• **SUPPLIED INFORMATION**
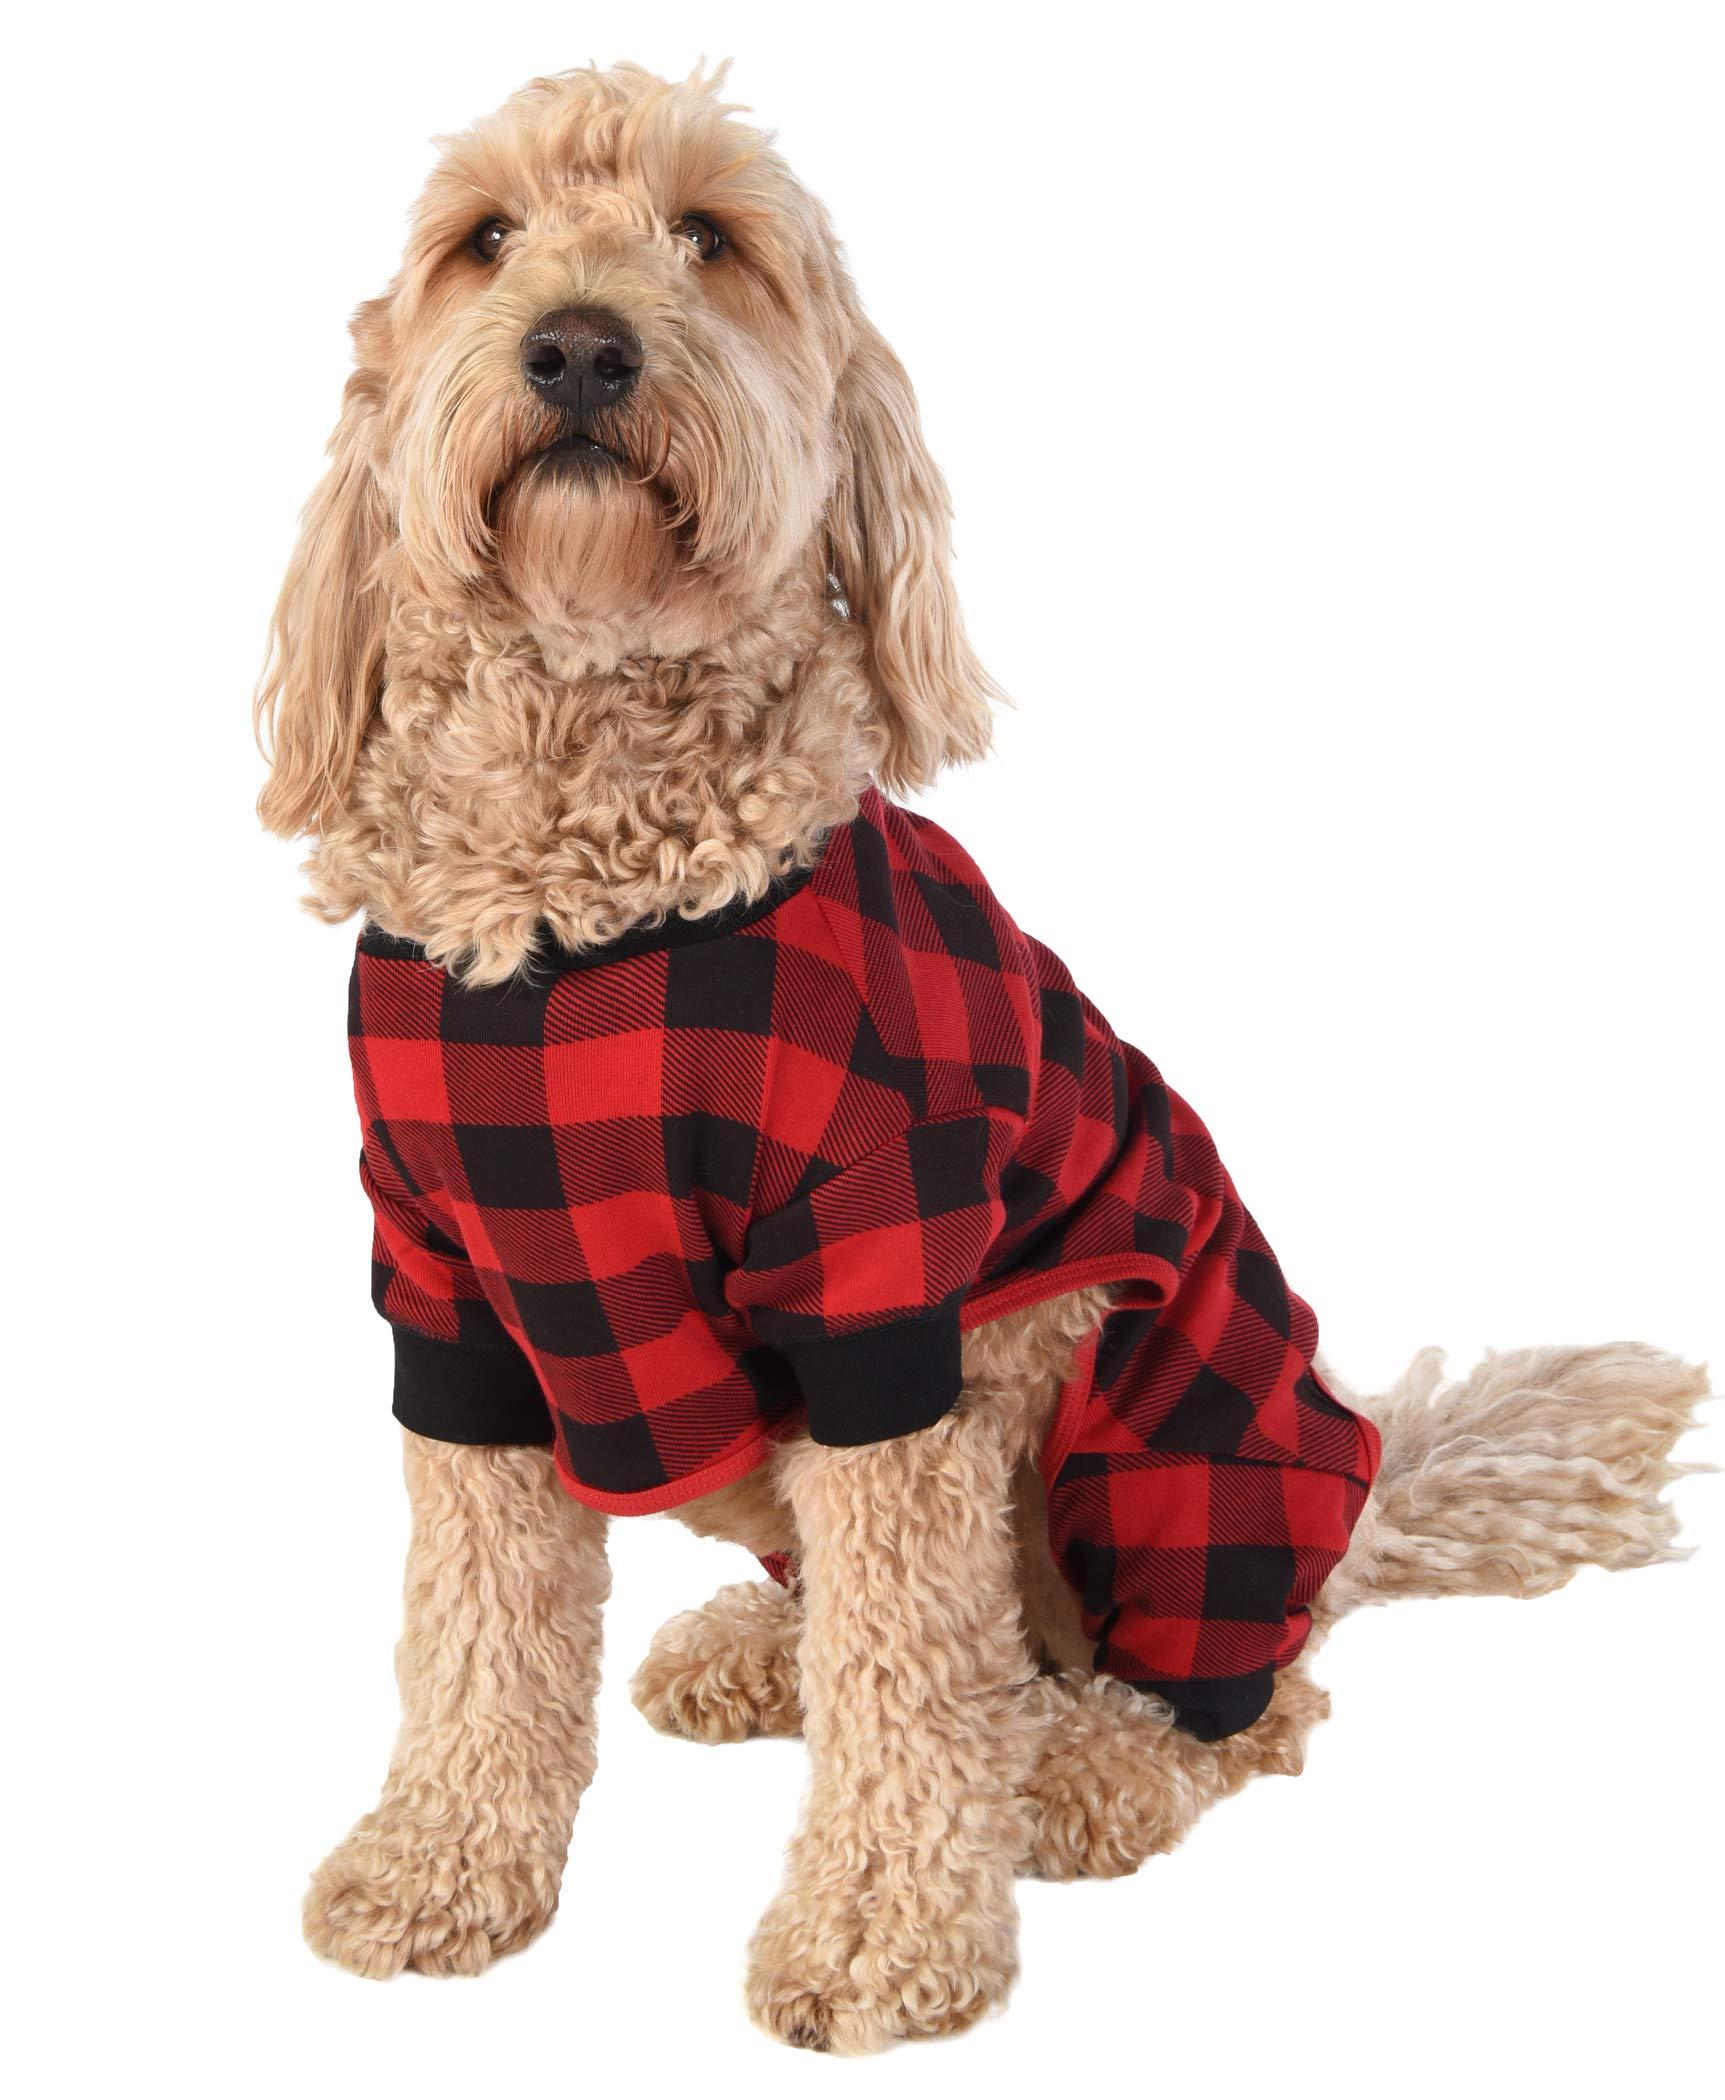 Plaid Bear Cheeks Flapjacks Dog Flapjack Onsie Sweater by LazyOne | Adult Kid Infant Dog Family Matching Pajamas (Large)
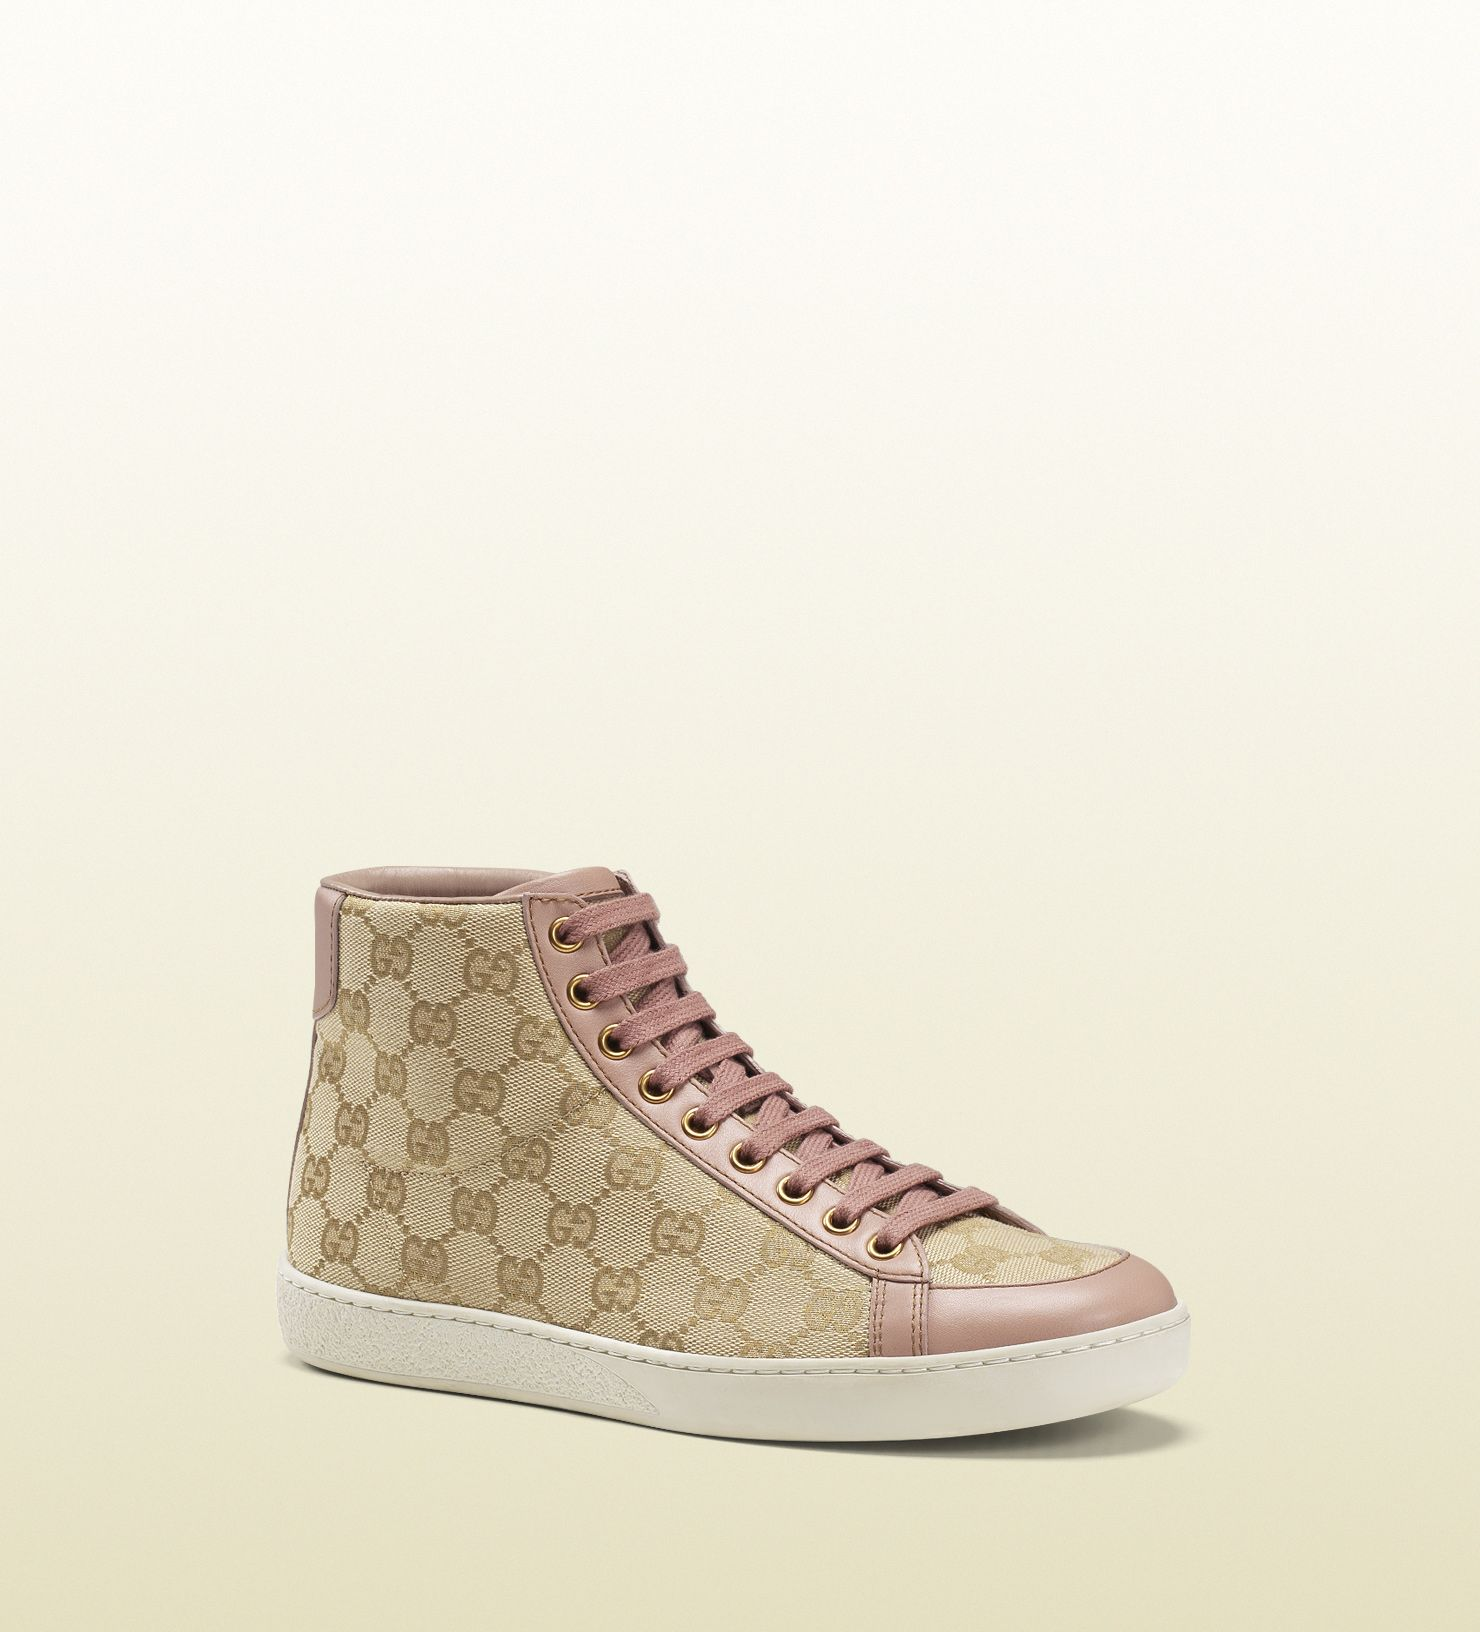 ac7aef0ce204 Gucci - brooklyn original GG canvas high-top sneaker
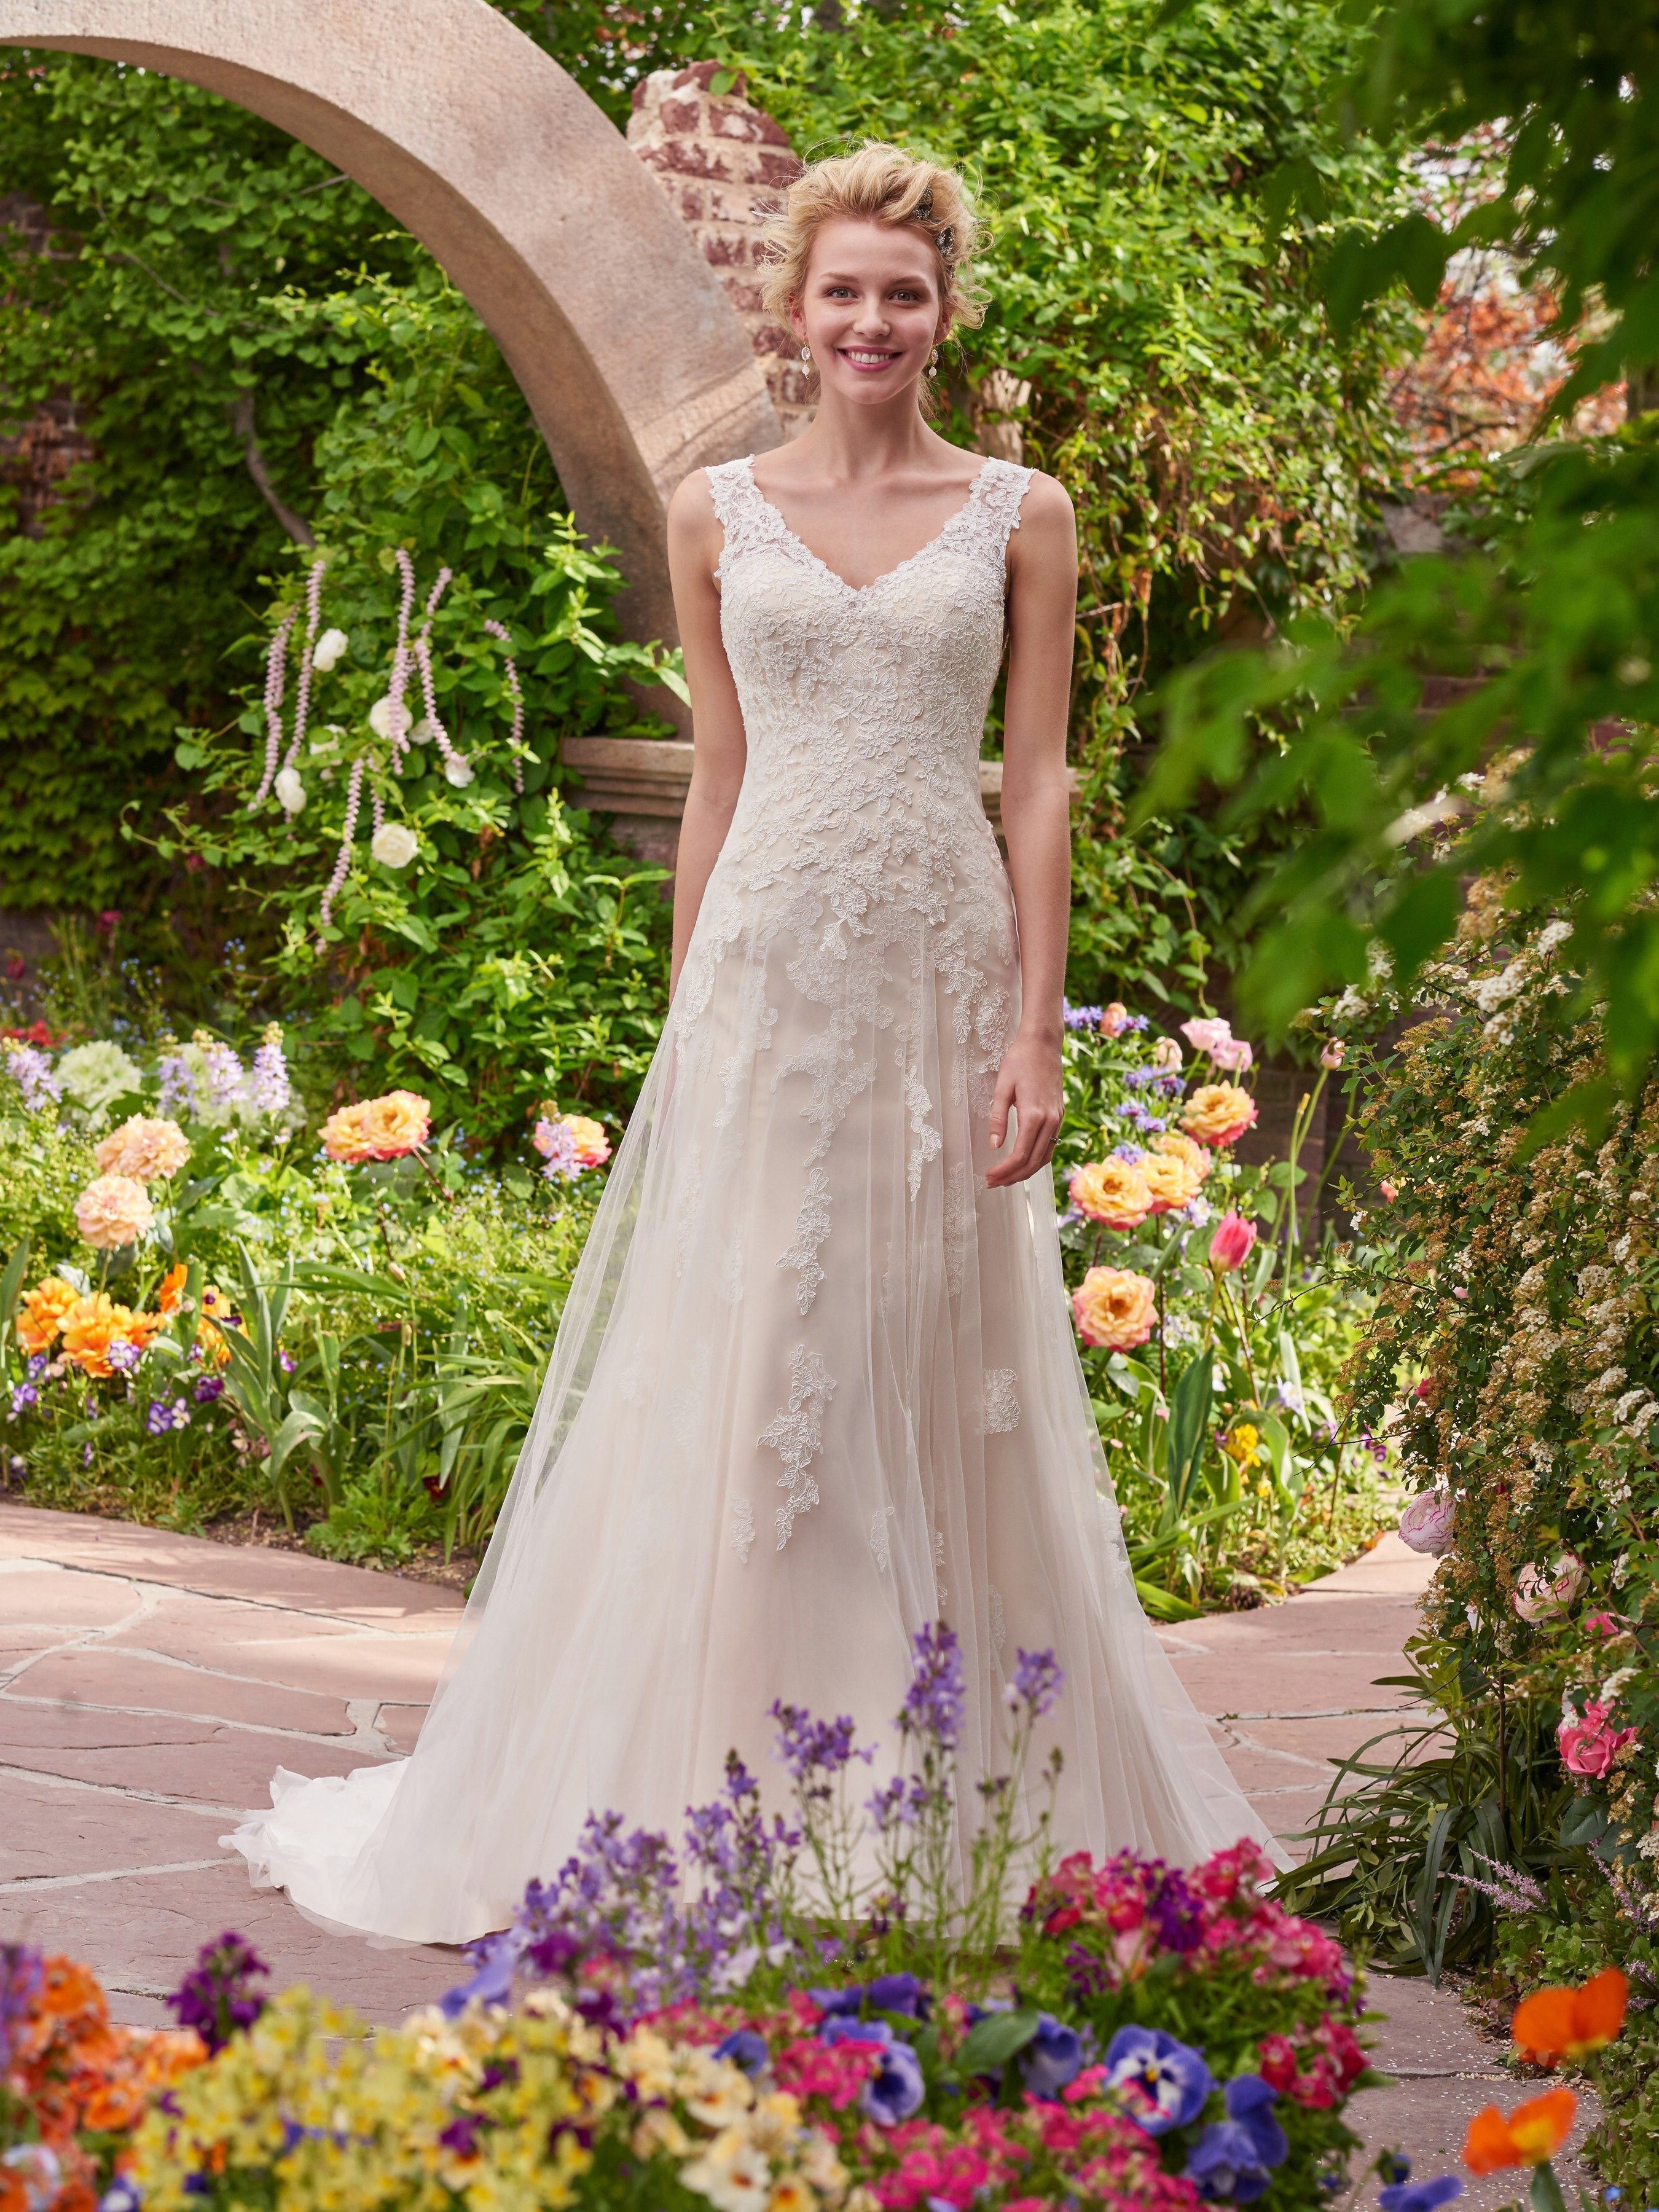 Simple lace dress styles  Wedding Dresses Bridesmaid Dresses Prom Dresses and Bridal Dresses

• **WHAT YOU HAVE TO DO**
Beginning with the line containing "ac7aef0ce204 Gucci - brooklyn" and ending with the last line of the data, output those lines exactly and nothing more. Omit every picture.

• **OUTPUT OF THE EXERCISE**
 ac7aef0ce204 Gucci - brooklyn original GG canvas high-top sneaker
 Simple lace dress styles  Wedding Dresses Bridesmaid Dresses Prom Dresses and Bridal Dresses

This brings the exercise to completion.